When Labour Party chairman Thorbjørn Jagland proposed that employees should be given time off to train during working hours without loss of pay, the Confederation of Norwegian Business and Industry said it supported the idea in principle. Now the employers’ tune is more negative. Health professionals say that it would take a half-hour’s aerobic training three times a week to achieve any real health benefit. Add on time for showering and changing, and the working week would be reduced by around three hours. And that costs money. But perhaps Mr Jagland is also thinking along those lines. Last autumn the Labour Party and the centre alliance agreed to halve the VAT on greasy, unhealthy food, but impose full VAT on training studios.

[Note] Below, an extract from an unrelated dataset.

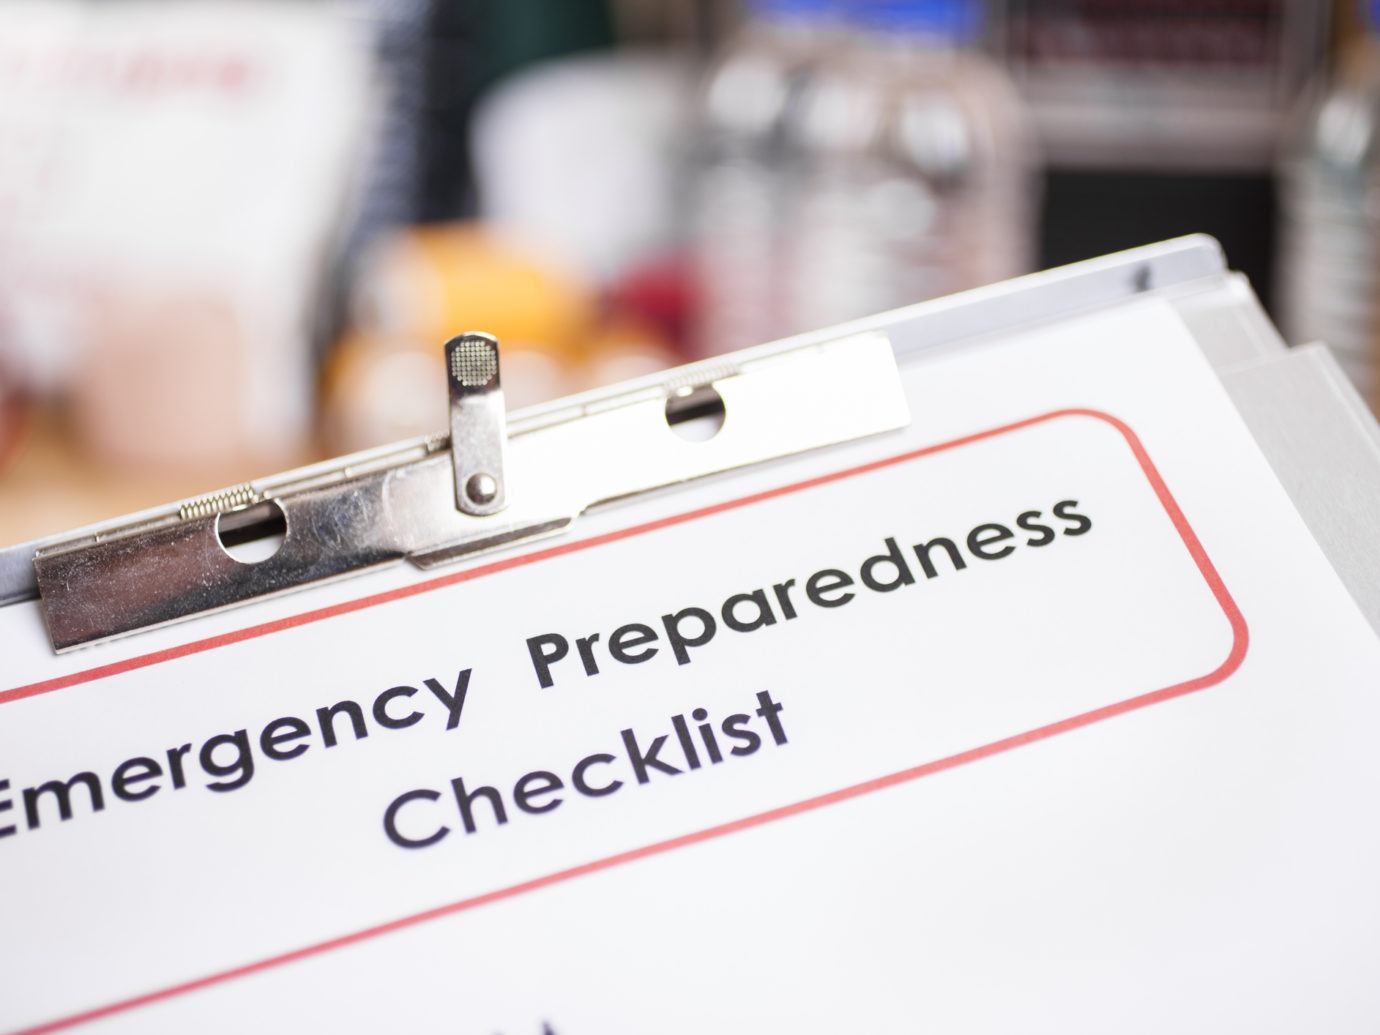 Emergency preparedness checklist and natural disaster supplies

If all Norwegian employees are to be forced to sign on at these very same training studios, it will provide the Finance Minister with billions in lovely new tax revenues. And the suggestion can be improved even further. Mr Jagland points to the positive effect that physical training – and meditation – during working hours has had on Stockholm’s bus drivers. Here lies another fiscal challenge. The Labour Party has not yet introduced VAT on meditation, but Karl Eirik Schjøtt-Pedersen has probably already got his advisors working on it.